-- What you will do --
Under this line sits a listing. Repeat exactly and only its lines from the one holding "Empty AK-47 casings - Stock Image" through the one holding "Kim Yoon-suk, Yoon"; skip pictures.

++++ Data to process ++++

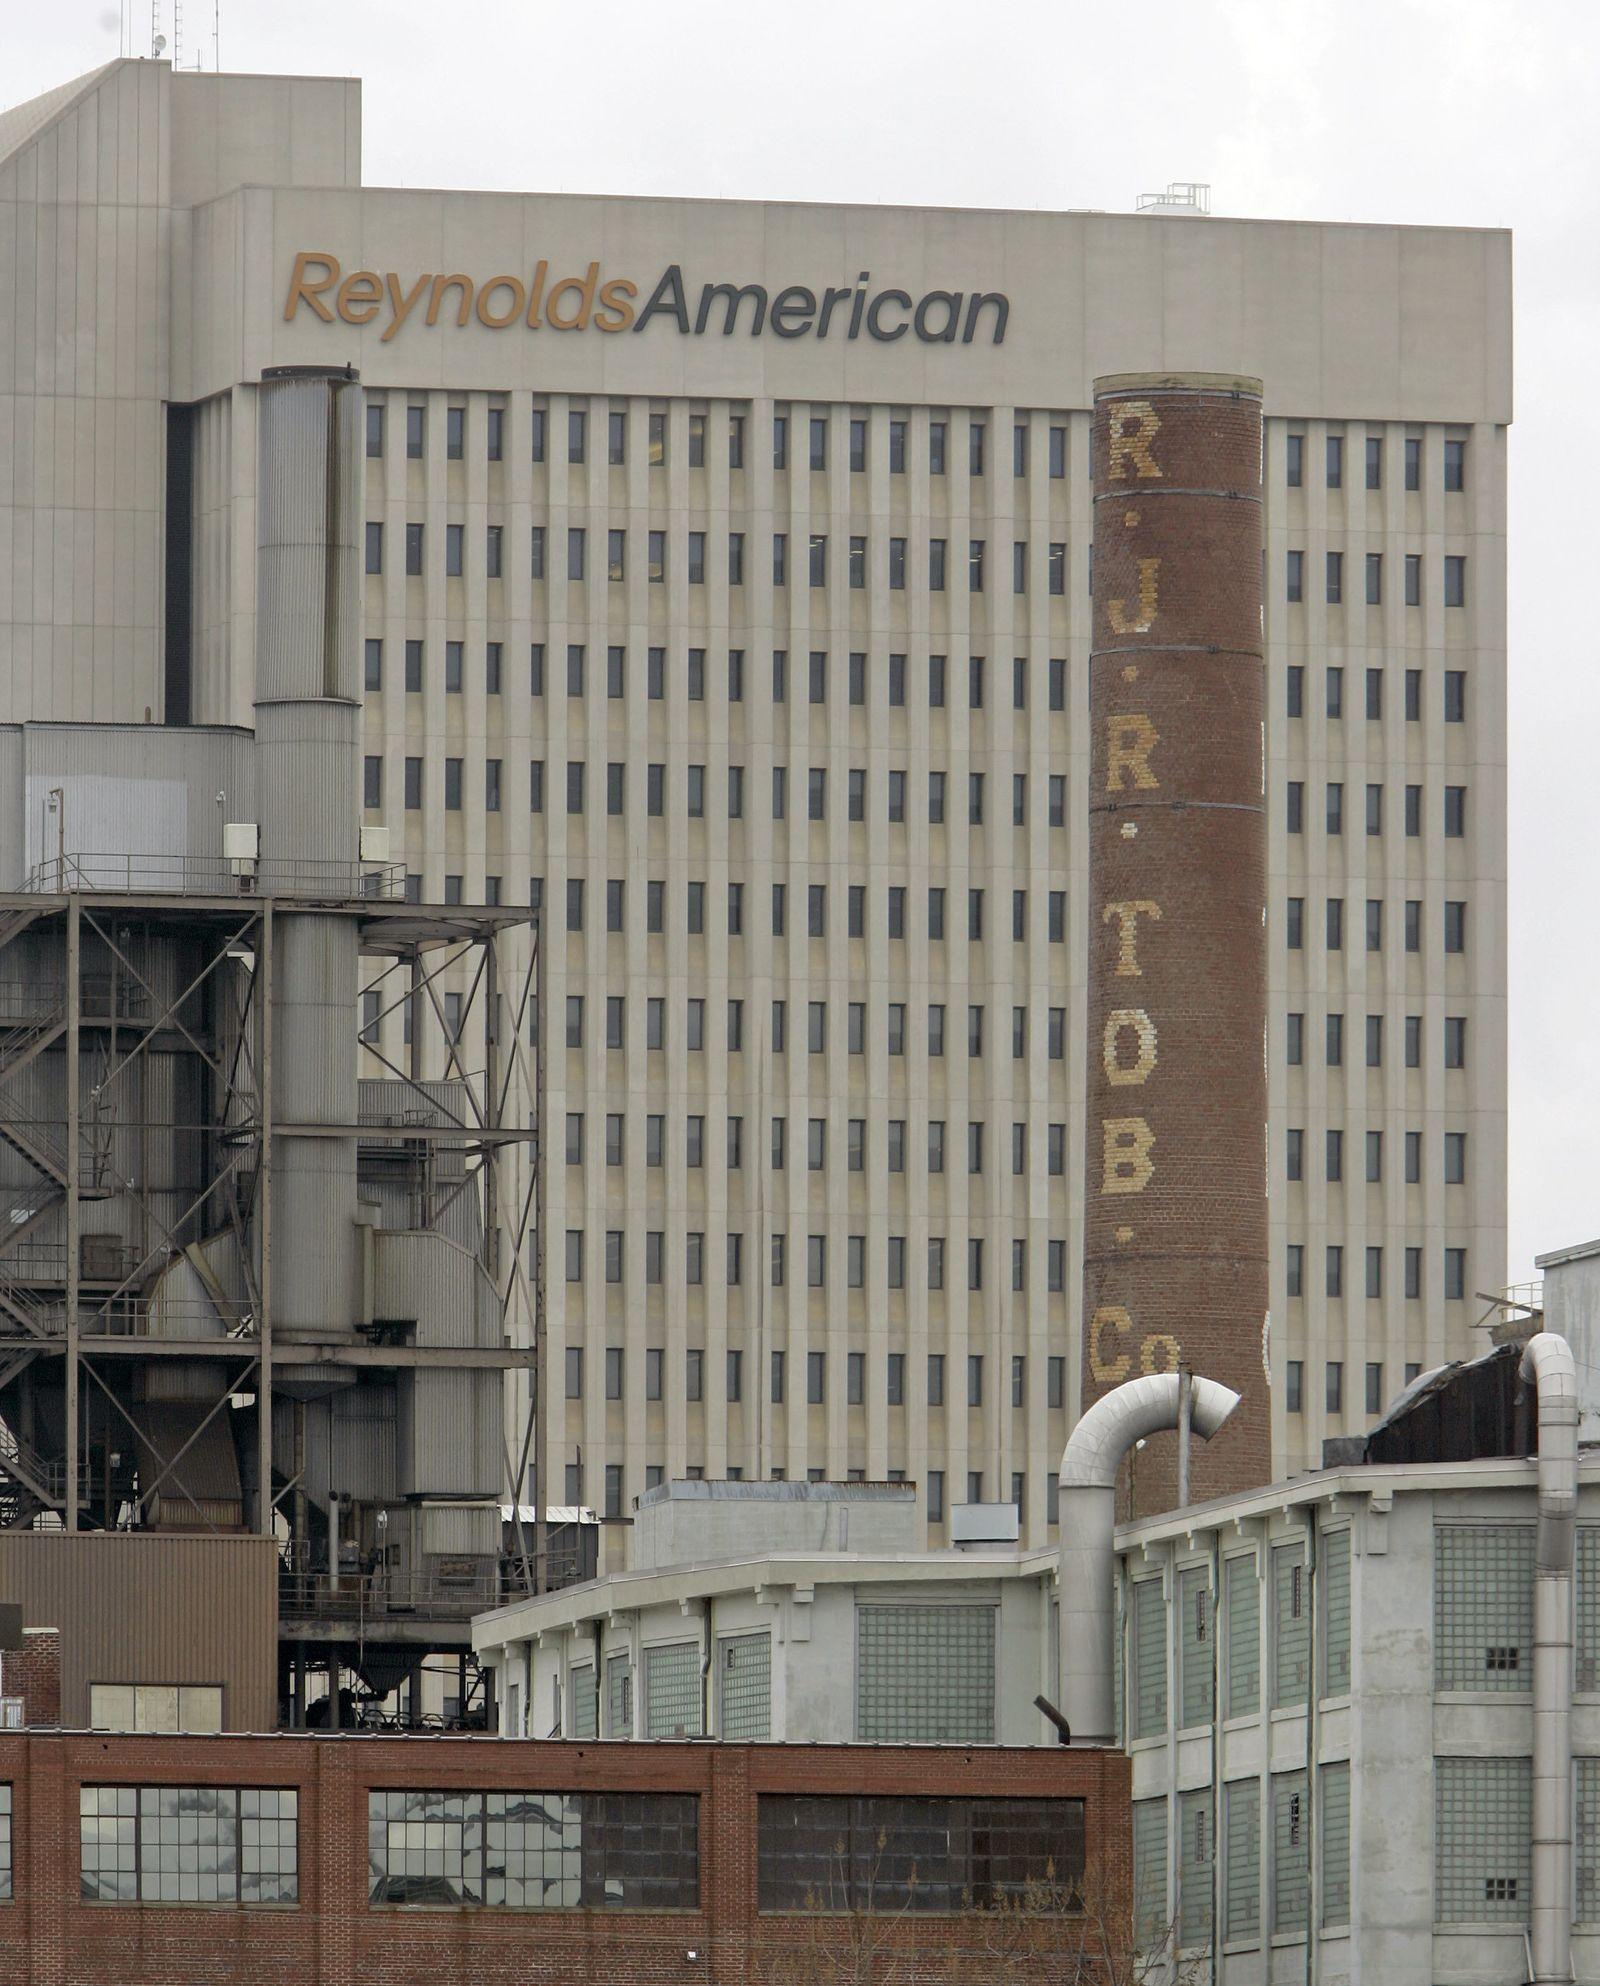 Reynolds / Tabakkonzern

++++
++++ Data to process ++++

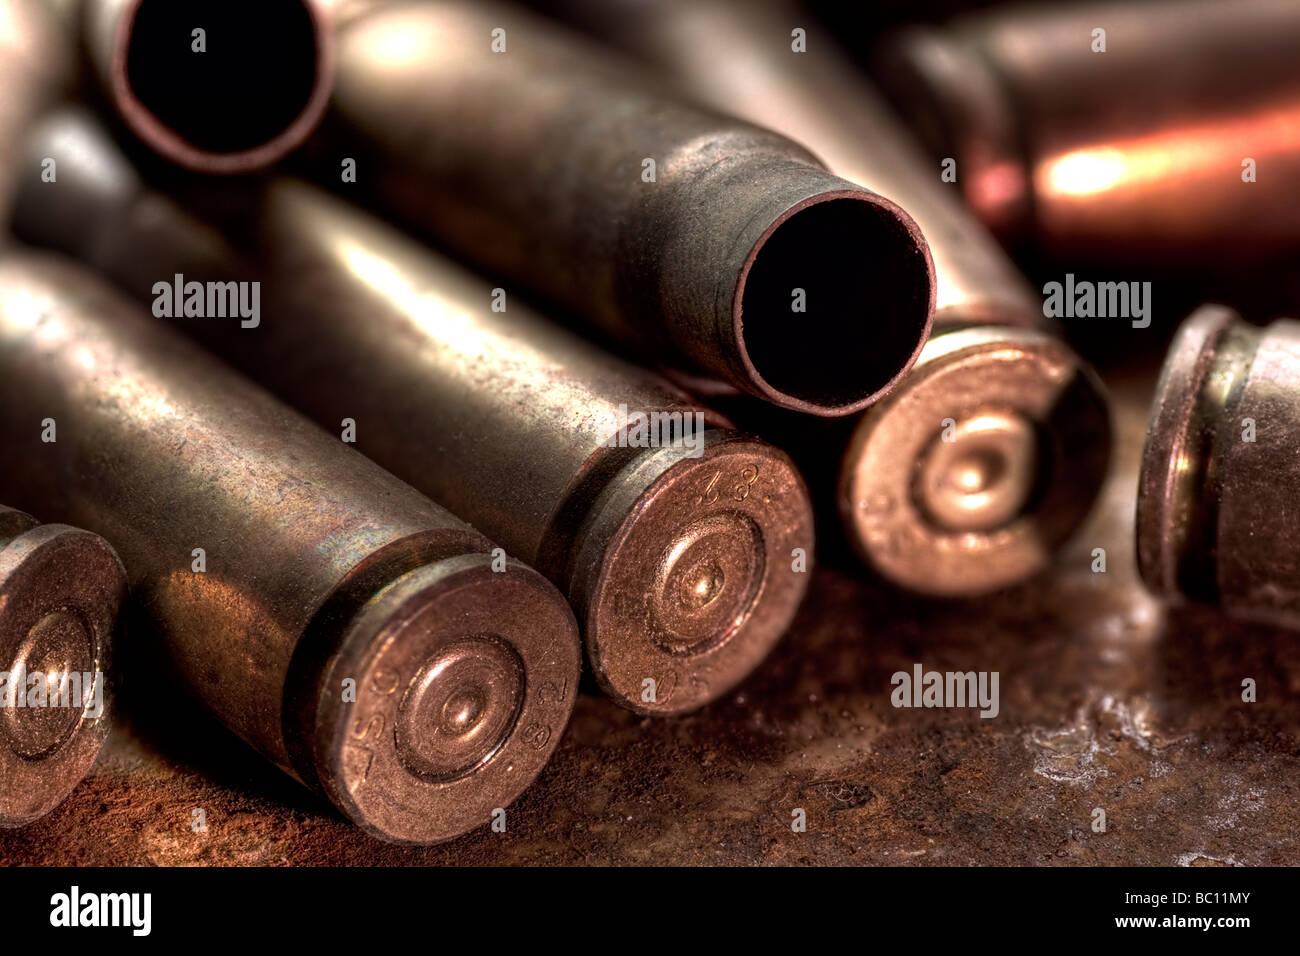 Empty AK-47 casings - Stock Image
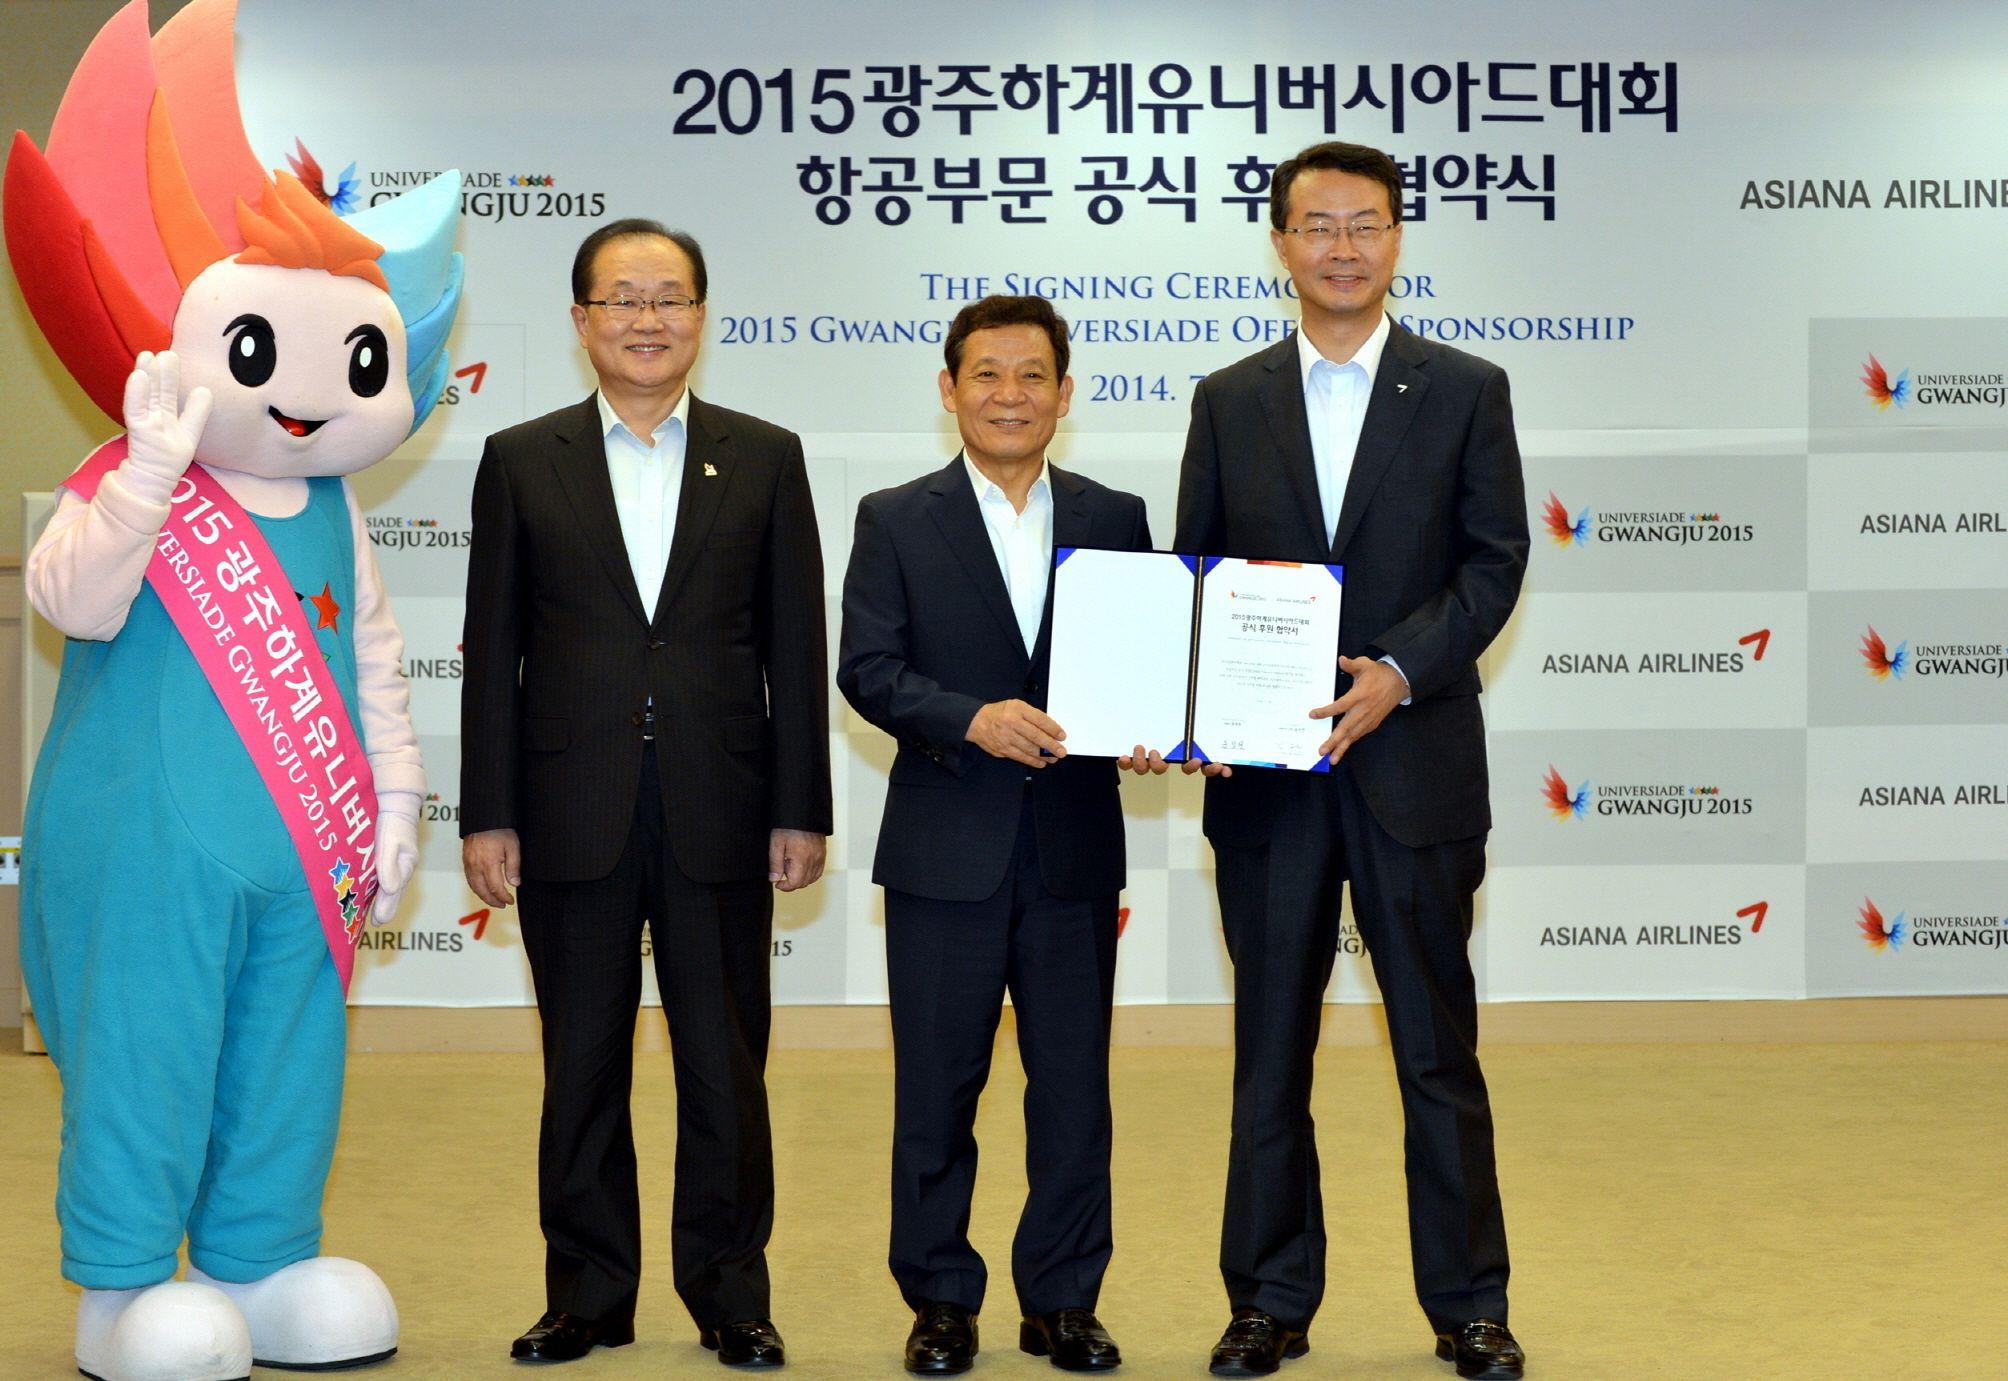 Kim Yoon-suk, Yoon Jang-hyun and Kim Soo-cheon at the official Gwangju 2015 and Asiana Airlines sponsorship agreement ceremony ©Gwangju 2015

++++

-- Response to the exercise --
 Empty AK-47 casings - Stock Image
 Kim Yoon-suk, Yoon Jang-hyun and Kim Soo-cheon at the official Gwangju 2015 and Asiana Airlines sponsorship agreement ceremony ©Gwangju 2015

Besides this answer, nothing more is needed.